# Chip carving



## Rich McNatt (Aug 28, 2011)

I want to start doing some chip carving, I know that there are some woods that are better than others but has any one tryed to do chip carving on say walunt, or other hard wood and how did it turn out? is there any tricks i should know befor i mes up a nice hard board?


----------



## firemedic (Dec 26, 2010)

I'm bumping this one Rich because I think it's interesting. I got a cheap set of carving chisels and gauges recently to toy with the idea but haven't done too much with it. 

I would expect hard tight grained woods to be a very good median as long as you have sharp tools. But I can't say that from experience. I played around with some cypress and found it was very soft making the fibers crimp a bit.

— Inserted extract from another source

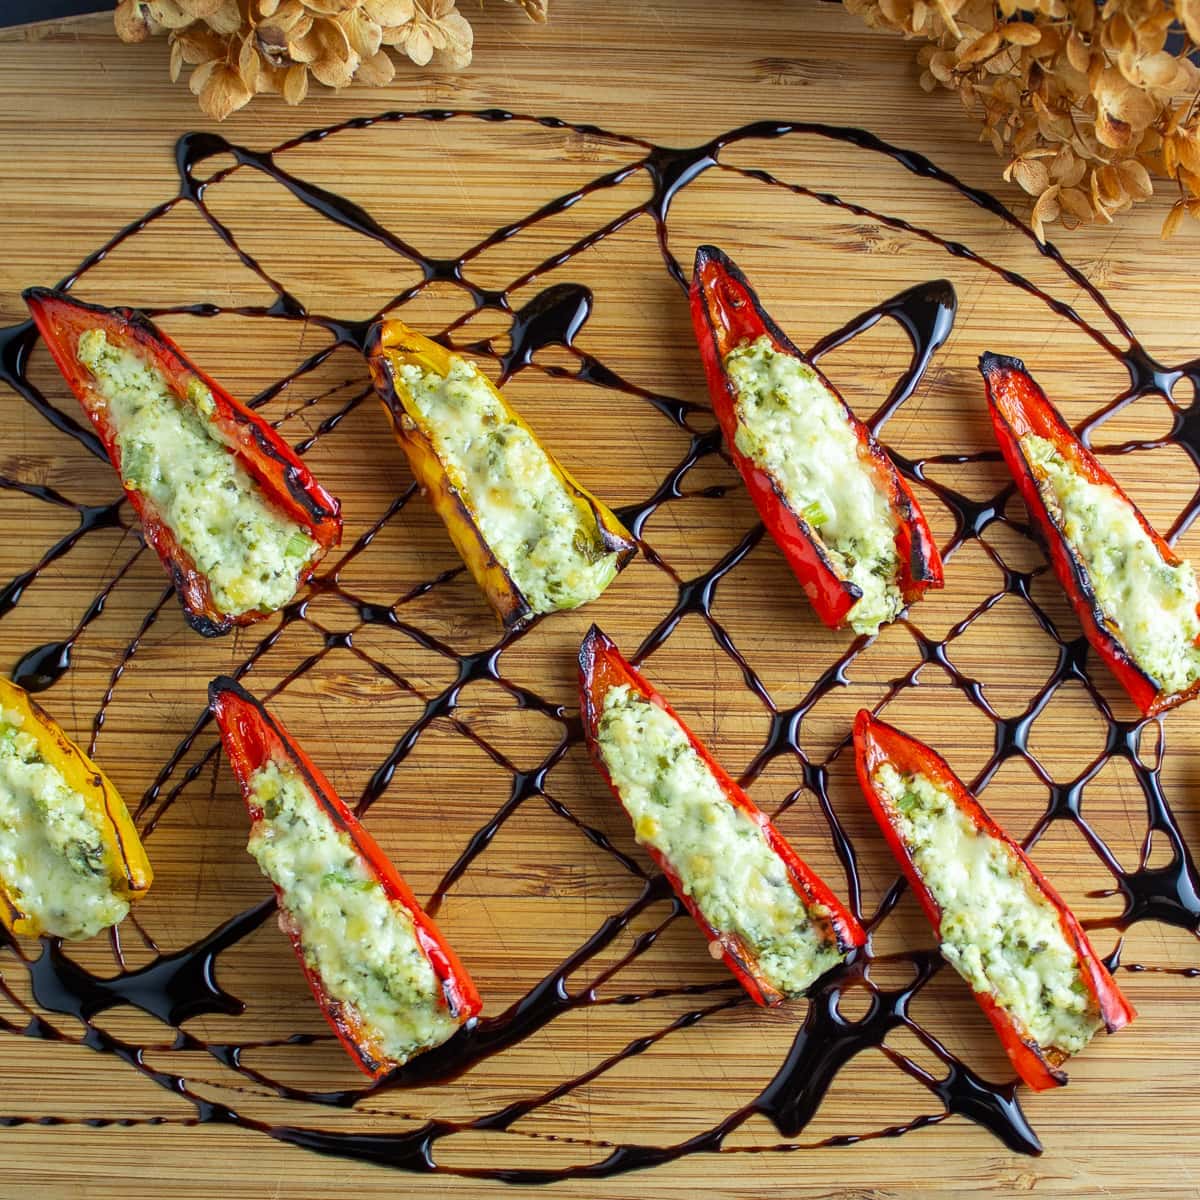 Stuffed Mini Peppers With Goat Cheese on cutting board f

~tom ...it's better to remain silent and be thought a fool than to open one's mouth and remove all doubt...


----------



## eagle49 (Mar 22, 2011)

*chip carving.*

Its fun, easy, and the results are cool. I've been at it for years. Most woods are ok, but stay away for kinds that crack, splint, and brake out. Like red oak. To learn I would go with white pine, bass wood, butternut if can find it. Then move on to cheery , walnut etc. I just did some designs in cherry, they came out nice. Injoy!


----------



## firemedic (Dec 26, 2010)

johnray said:


> Its fun, easy, and the results are cool. I've been at it for years. Most woods are ok, but stay away for kinds that crack, splint, and brake out. Like red oak. To learn I would go with white pine, bass wood, butternut if can find it. Then move on to cheery , walnut etc. I just did some designs in cherry, they came out nice. Injoy!


Pictures?

~tom ...it's better to remain silent and be thought a fool than to open one's mouth and remove all doubt...


----------